Таль. Мы первыми вошли в Ливан и действительно участвовали в наиболее тяжелых боях: Бинт Джбейл, Марун а-Рас, Айта а-Шаб. В Айта а-Шаб был особо тяжелый бой. Опять наша рота разбилась на две части, которые заняли два дома на растоянии 200-300 метров друг от друга. Нам повезло, если можно так сказать: во второй дом выпустили около 15 ракет «Саггер». Там погиб Ади Коэн[4]. Еще двое получили тяжелые ранения. Там был только один ховеш. Мы ему передавали инструкции по рации, так как добраться до них мы разрешение не получили.

 

Э.Ш. Большую часть войны вы провели на фронте.
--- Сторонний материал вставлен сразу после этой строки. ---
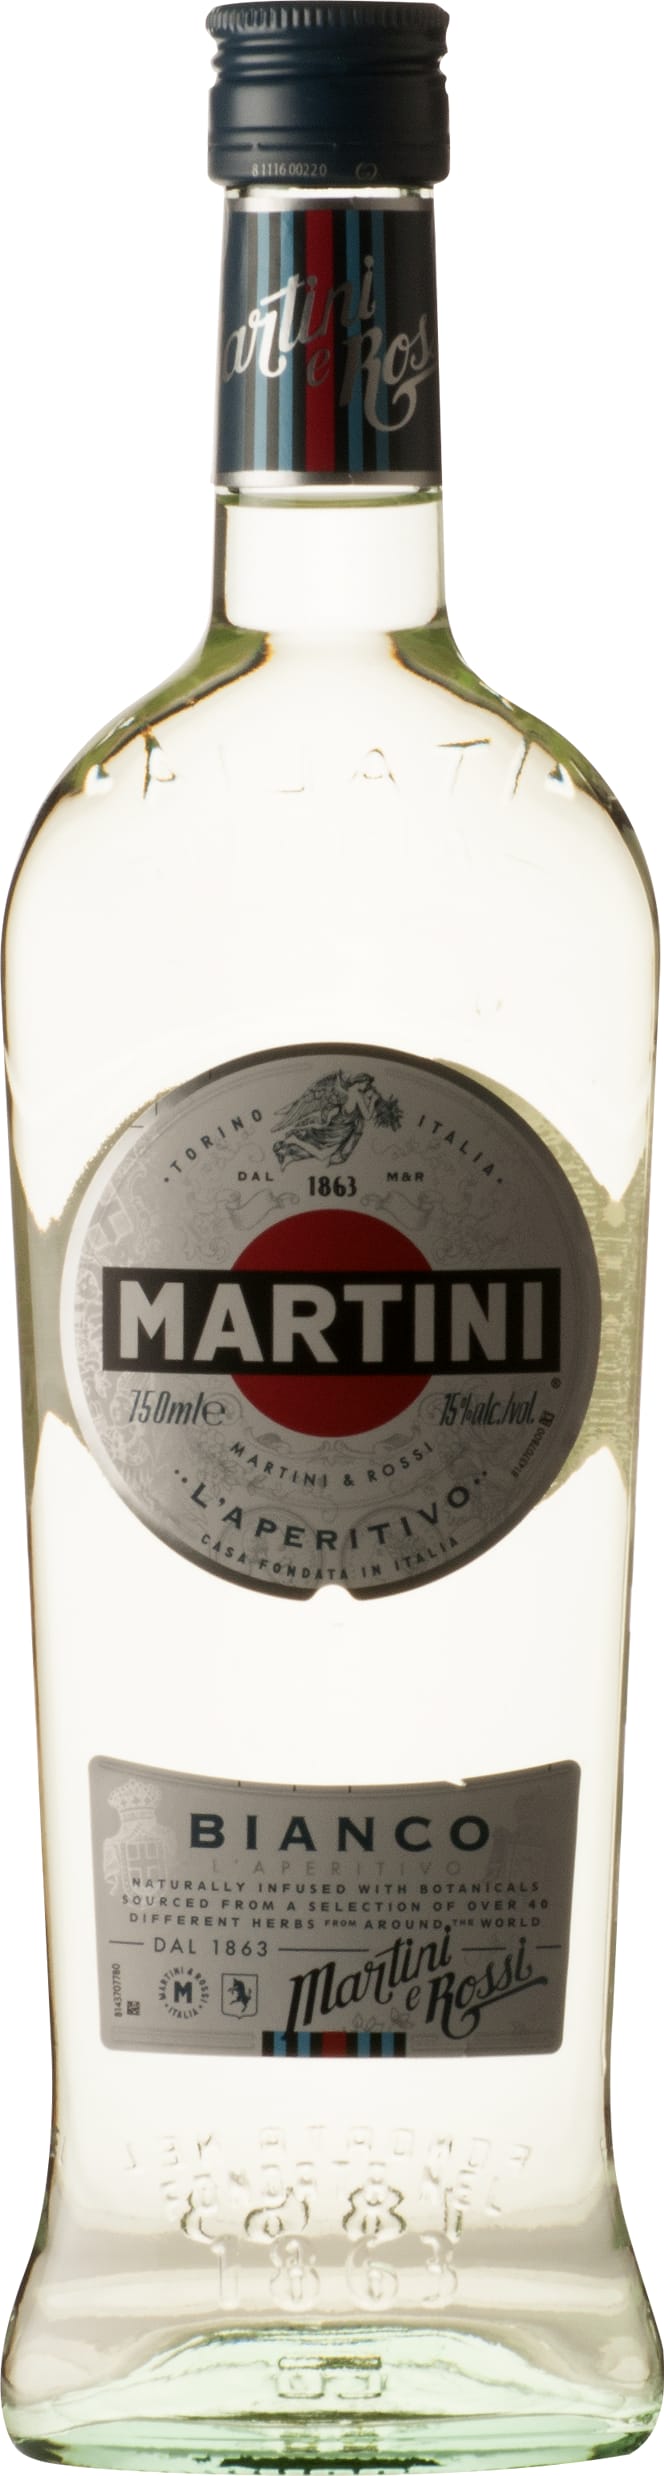 Martini Bianco NV 75cl NV - Buy Martini Wines from GREAT WINES DIRECT wine shop

Скажите – к войне привыкаешь?

Таль: Со временем вырабатывается равнодушие. Во время обстрелов мы просто шли спать.

 

Э.Ш. Вам говорили, ради чего вы воюете?

Таль: Нам говорили, что пока Хизбалла занимается нами, у них остается меньше времени на обстрел Севера. Мы оба с Севера, и нам легко было это понять. Во дворе моего дома в Кармиеле разорвалась «Катюша».

Манор: Было ощущение, что ты просто обороняешь дом. Я тоже с Севера, из киббуца Лохамей а-Гетаот[5]. Что нас капельку утешало – так это то, что стреляли по нам, а не по нашим в Израиле.

У нас в батальоне погибло, кажется, шестеро солдат, и было много раненых. После войны мы всех обзванивали, навещали семьи погибших.

 

Э.Ш. На фронте ощущалась особая связь с Богом?

Таль: Я не религиозный человек, но могу сказать, что за эту войну я очень приблизился к этому.

Молишься? Конечно! На войне легко почувствовать, что все – свыше, все – мазаль, как повезет.

Манор: Понятно, есть и профессионализм, но в конце концов ты понимаешь, что все наши потери не из-за ошибок, не из-за солдата, который не умел пользоваться оружием, а из-за того, что не повезло. Так случилось, что ракета попала именно в него, а не в другого. В нашем батальоне все потери были от ракет.

 

Э. Ш. Что вы можете рассказать про Филиппа?

Таль. Он очень любил свое дело. Он был просто «мурал»[6]. Он не был обязан идти на эту войну.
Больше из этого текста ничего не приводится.